Clarence Thomas is the only S.C. justice who still believes the Ninth Amendment should be the focus rather than the Fourteenth.
I listen to NPR on my commute each day and listen to the hearings live each morning and the days review each evening.
As I listen to Roberts speak, I must admit its nice to hear a Bush appointee, speak in clear concise sentences and articulate his views without sounding like a babbling idiot. I can see why he’s good at what he does. He may or may not be a good judge, we’ll see. And frankly I don’t think either side can say exactly how he’ll vote on any single issue. The hearings themselves are a dog and pony show. Unless he admits to dancing with underage boys at his weekly drag parties Roberts is in. This whole thing is a sham Roberts knows it as does everyone else on the panel. The very idea that he has to give his opinion on matters of law without giving his opinion is a linguistic nightmare.
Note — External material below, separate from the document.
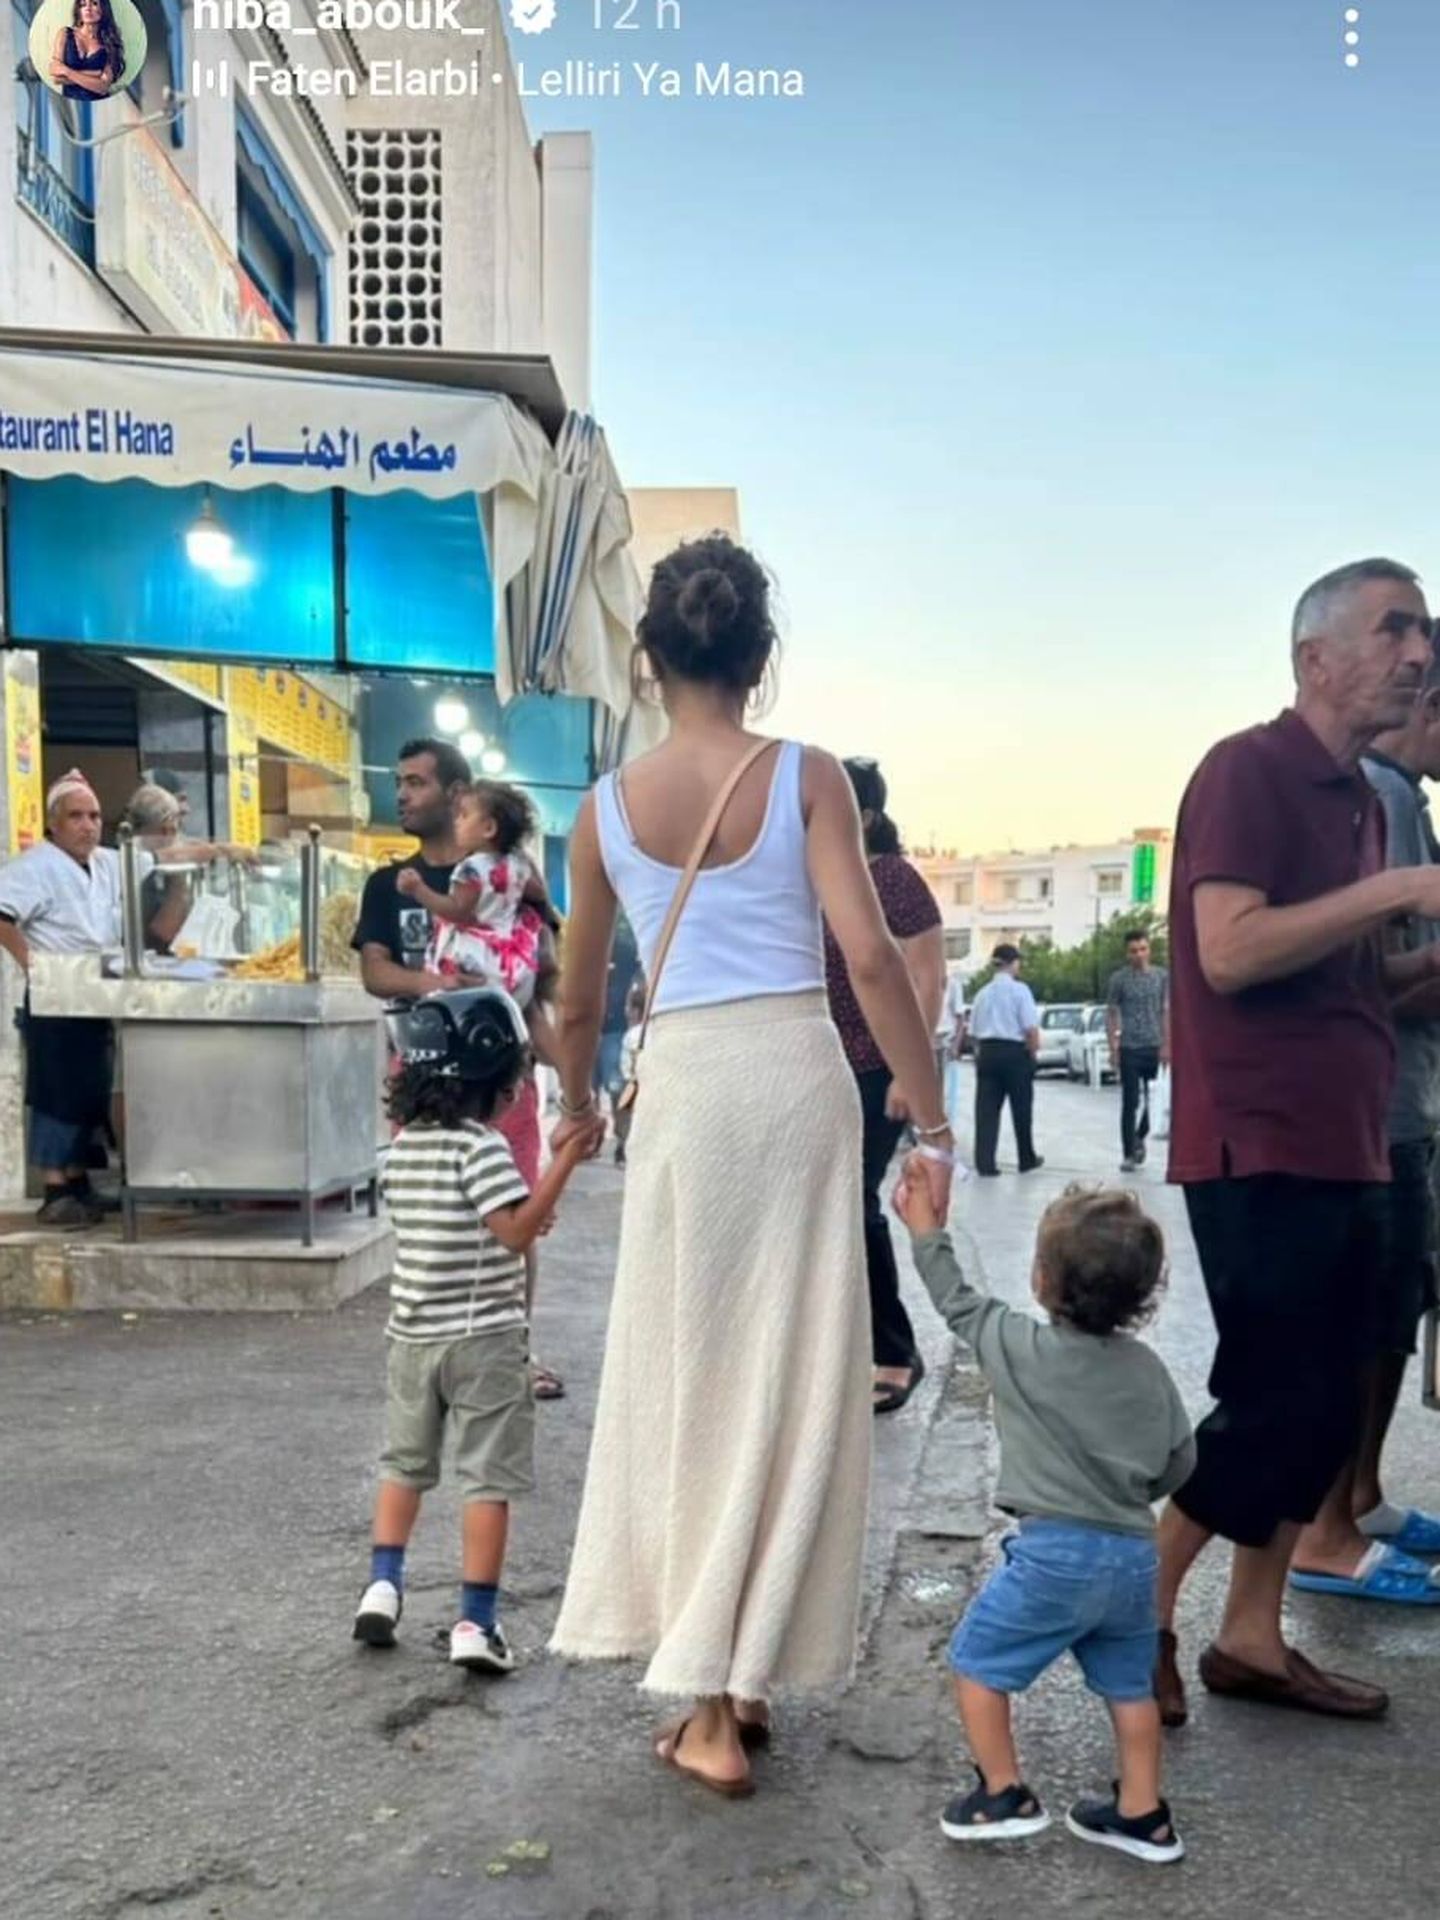 Hiba ha paseado por calles tunecinas con sus hijos. (Instagram/@hiba_abouk_)

Every question starts with…With out telling us how you feel, please tell us how you feel about case XYZ. Without telling us how you would rule on a case please tell us how you would rule.
Get a grip!
Their not allowed to ask tough questions.
And he’s not allowed to answer anything.
The only thing I’ve seen is his ability to do the political two step, and in fact, he does it well.
After listening to meaningless hours of question and answers. The only thing I know for sure is Bush likes him, and that alone is enough to scare me.
I think the dog-and-pony show is necessary, not because the Supreme Court nominees want to play it cagey, but because the senators ask the wrong questions.
They ought to be asking Roberts questions that ferret out what he is like and ought to avoid questions relating to law altogether.
I point out that when a Democratic President nominates a quasi-liberal for the Court, the roles of the senators are reversed — and that this happens without any qualms. The Democrats, now, ARE trying to make the whole process a wholly political issue, hoping to have Roberts commit to voting on certain issues the way they would like OR they are hoping Roberts might say something foolish that they can pounce on. But a Supreme Court judge should not precommit to voting certain ways, and has to assiduously avoid saying anything that might be construed as foolish.
Perhaps senators should ask Roberts what movies he likes! If his favorites were "Pulp Fiction" and "The Day the Earth Stood Still," it would say a lot. On the other hand, if he liked "Forrest Gump" and "From Here to Eternity," then obviously he would have no business being on the Court.
Roberts has told us his favorite films are "Dr. Zhivago" and "North by Northwest." I think we can tell a lot from this. He will be an intelligent addition to the Court, but will consistantly rule in consort with other conservatives.